Implement backup solutions that maintain business continuity
An important part of ransomware resiliency is the implementation of backup infrastructure to create and maintain strong business continuity. Organizations need to have a reliable system in place that protects their servers and keeps them from ever having to pay to get their data back. Consider keeping the backup server isolated from the internet and limit shared accounts that grant access to all users. Instead, assign specific tasks within the server that are relevant for users and require two-factor authentication for remote desktop access. Additionally, backups with an air-gapped, offline or immutable copy of data paired with the 3-2-1 rule will provide one of the most critical defences against ransomware, insider threats and accidental deletion.

Furthermore, detecting a ransomware threat as early as possible gives IT organizations a significant advantage. This requires tools in place to flag possible threat activity. For endpoint devices displaced remotely, backup repositories that are set up to identify risks will give IT further insight into an incredible surface area to analyze for potential threat introduction. If implementations don’t prohibit attacks, another viable option is encrypting backups wherever possible for an additional layer of protection – threat actors charging ransom to prevent leaking data do not want to have to decrypt it. When it comes to a ransomware incident, there isn’t one single way to recover, but there are many options aside from these that organizations can take. The important thing to remember is that resiliency will be predicated on how backup solutions are implemented, the behaviour of threat and the course of remediation. Take time to research the options available and ensure that solutions are implemented to protect your company.

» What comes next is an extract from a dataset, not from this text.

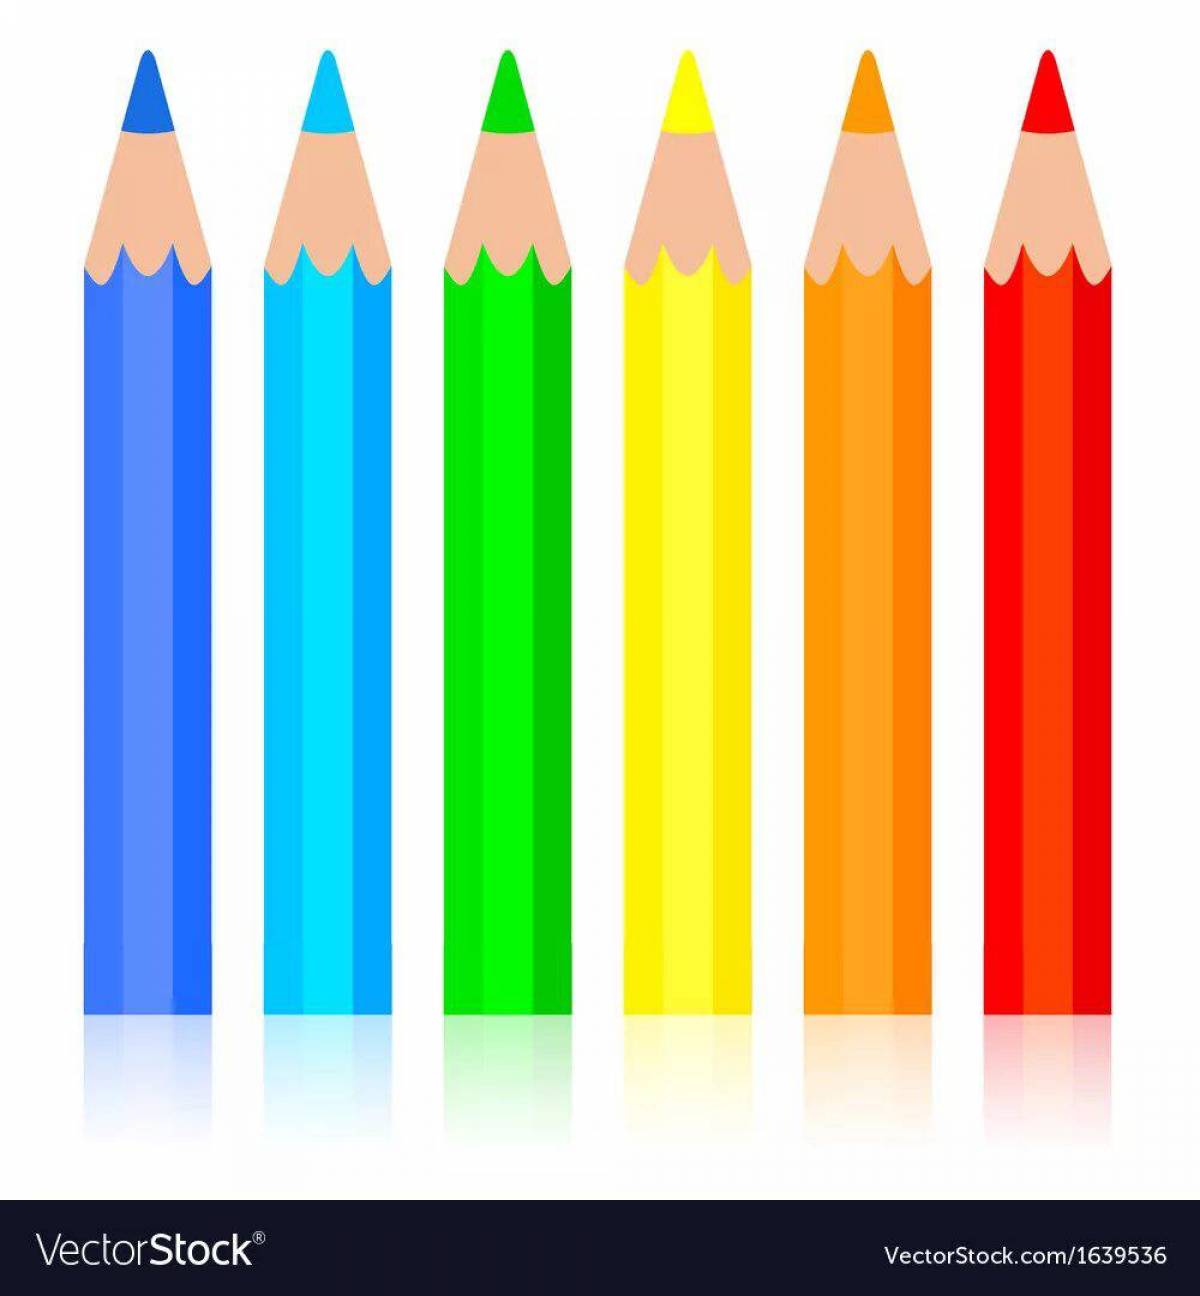 Карандаши цветные задания. Карандаши цветные для распечатки. Цветные карандаши для детей. Цветные карандаши на прозрачном фоне. Клипарт карандаши на прозрачном фоне.

Prepare to remediate an incident in advance
Even when there are steps in place that leverage education and implementation techniques to combat ransomware before an attack hits, organizations should still be prepared to remediate a threat if introduced. Layers of defence against attacks are invaluable, but organizations need to also map out specifically what to do when a threat is discovered. Should a ransomware incident happen, organizations need to have support in place to guide the restore process so that backups aren’t put at risk. Communication is key, having a list of security, incident response, and identity management contacts in place if needed – inside the organization or externally – will help ease the process towards remediation.

Next, have a pre-approved chain of decision-makers in place. When it comes time to make decisions, like whether to restore or to fail over company data in an event of an attack, organizations should know who to turn to for decision authority. If conditions are ready to restore, IT should be familiar with recovery options based on the ransomware situation. Implement additional checks for safety before putting systems on the network again – like an antivirus scan before restoration completes – and ensure the right process is underway. Once the process is complete, implement a sweeping forced change of passwords to reduce the threat resurfacing.

The threat that ransomware poses to organizations both large and small is real. While no one can predict when or how an attack will happen, IT organizations that have a strong, multi-layered defence and strategy in place have a greater chance for recovery. With the right preparation, the steps outlined here can increase any organization’s resiliency – whether in office, remote or a combination of the two – against a ransomware incident and avoid data loss, financial loss, business reputation damage or more.